In another, a woman in Spokane, Washington, "reported that she encountered young men who she described as being 'liberated' from normal behavior since the election.' They shouted 'We’re going to rape you!' from a Jeep with the word 'TRUMP' emblazoned on its side."
A 75-year-old gay man in Sarasota, Florida was reportedly "ripped from his car and beaten by an assailant who told him, 'You know my new president says we can kill all you faggots now.'"
According to the SPLC, "People have experienced harassment at school, at work, at home, on the street, in public transportation, in their cars, in grocery stores and other places of business, and in their houses of worship."

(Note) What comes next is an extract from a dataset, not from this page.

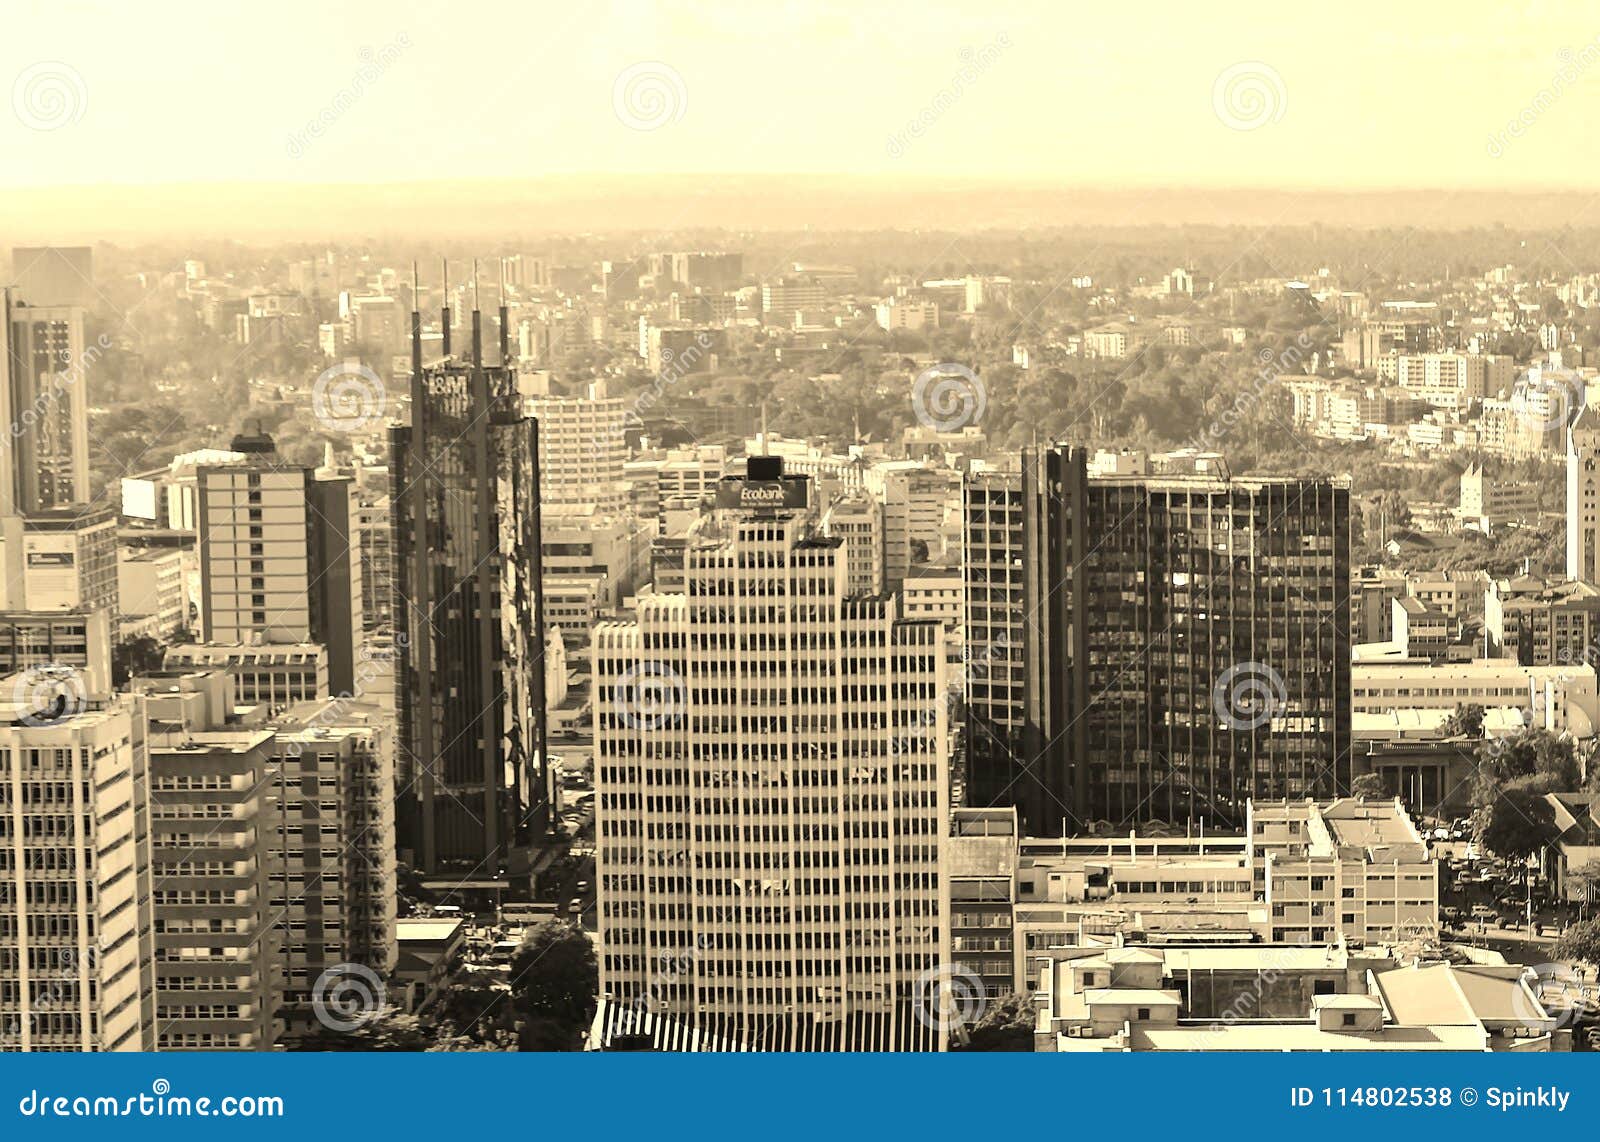 nairobi skyline view of the city
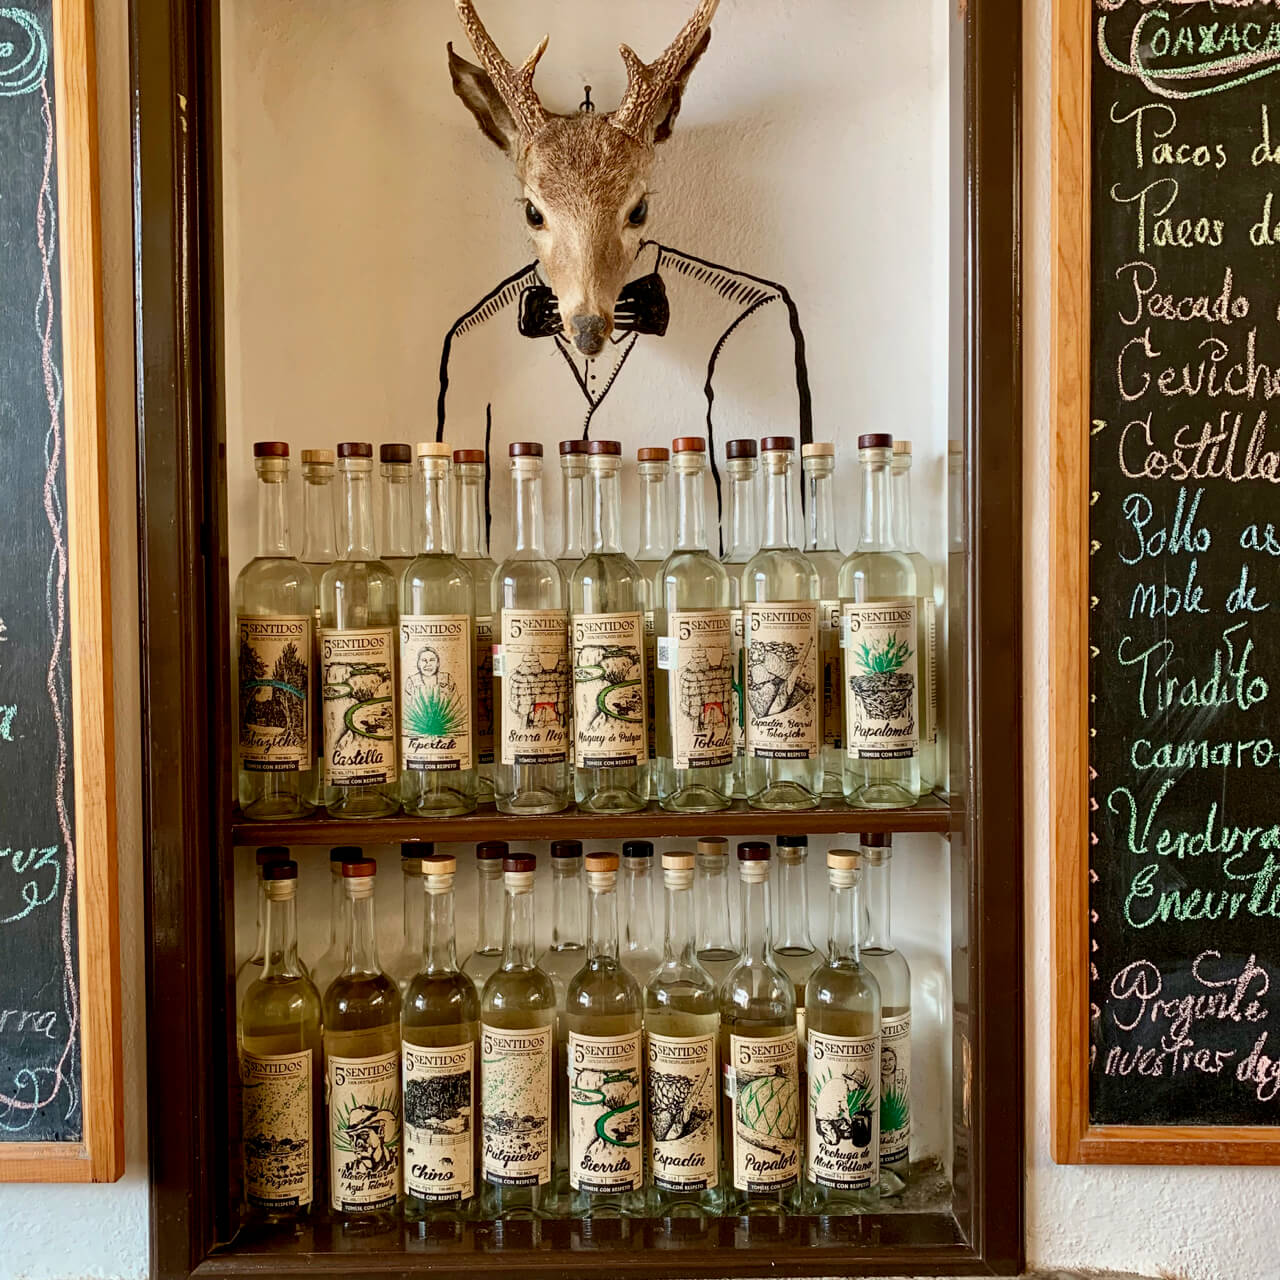 Bottles of agave spirits at El Destilado

But, the report cautions, "The incidents documented here almost certainly represent a small fraction of the actual number of election-related hate incidents that have occurred since November 8. The Bureau of Justice Statistics estimates that two-thirds of hate crimes go unreported to the police."
Many of the crimes are attributed to the white nationalist movement's "open embrace" of Donald Trump, which has been further emboldened by the appointment of former Breitbart News chair Steve Bannon as chief strategist.
Other controversial cabinet picks, such as Sen. Jeff Sessions (R-Ala.) for Attorney General, have also reinforced the perception that the Trump presidency will not be friendly to immigrants, Muslims, minorities, women, nor the LGBTQ community.